Each ambient cap must already be in **both** `:permitted` and
`:inheritable`, so the order matters:

```elixir
keep = [:cap_net_bind_service]

:ok =
  Linx.Capabilities.set_thread_sets(c,
    effective: keep,
    permitted: keep,
    inheritable: keep   # ambient requires this
  )

:ok = Linx.Capabilities.set_ambient(c, keep)
:ok = Linx.Process.proceed(c)
```

After `execve`, `:cap_net_bind_service` survives in `:ambient` (and
gets lifted into `:effective` per the standard ambient rules) —
even though the binary has no file caps.

## State-machine errors

All three write verbs are only valid in the `:ready` (parked)
state.

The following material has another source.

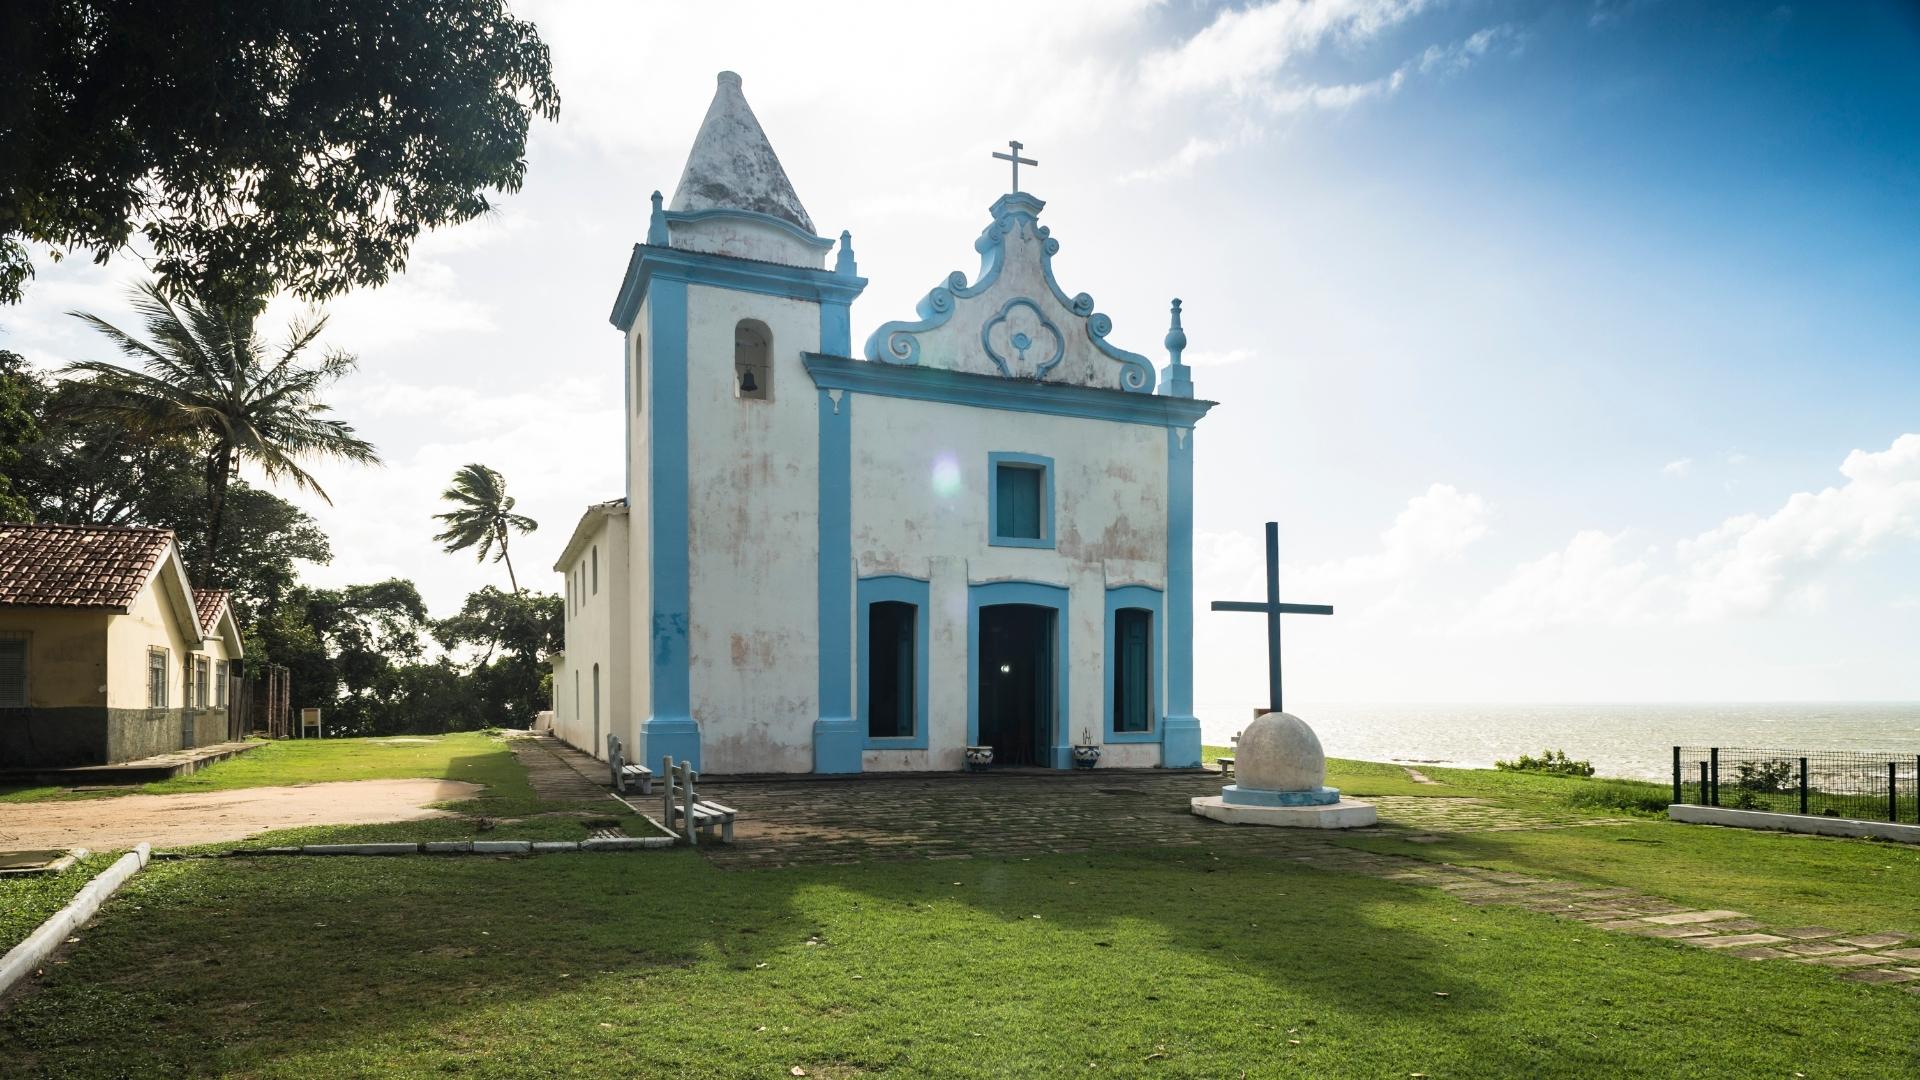 Rede Bem Bahia de hotéis em Porto Seguro oferece valores imperdíveis para uma viagem inesquecível | Igreja histórica de Santa Cruz de Cabrália | Conexão123

Calls in other states fail synchronously without touching
the agent:

| State | Return |
|---|---|
| Pre-`:ready` (`:spawned` not yet processed) | `{:error, :not_ready}` |
| Post-`proceed/1` (workload running) | `{:error, :running}` |
| Post-terminal (`:exited`, `:signaled`, or `:aborted`) | `{:error, :no_process}` |
| Unknown atom in `caps` | `{:error, {:bad_capability, atom}}` |
| Missing key in `set_thread_sets/2` opts | `{:error, {:bad_thread_sets, {:missing, key}}}` |

Kernel-side failures (the workload didn't have the privilege to
drop a particular cap, etc.) arrive asynchronously on the owner's
mailbox:

```elixir
{:linx_process, :error, errno_int, :cap_drop_bounding}
{:linx_process, :error, errno_int, :cap_set_thread}
{:linx_process, :error, errno_int, :cap_set_ambient}
```

The session ends after a cap failure — the child never reaches
`execve`. No `{:linx_process, :running}` will follow.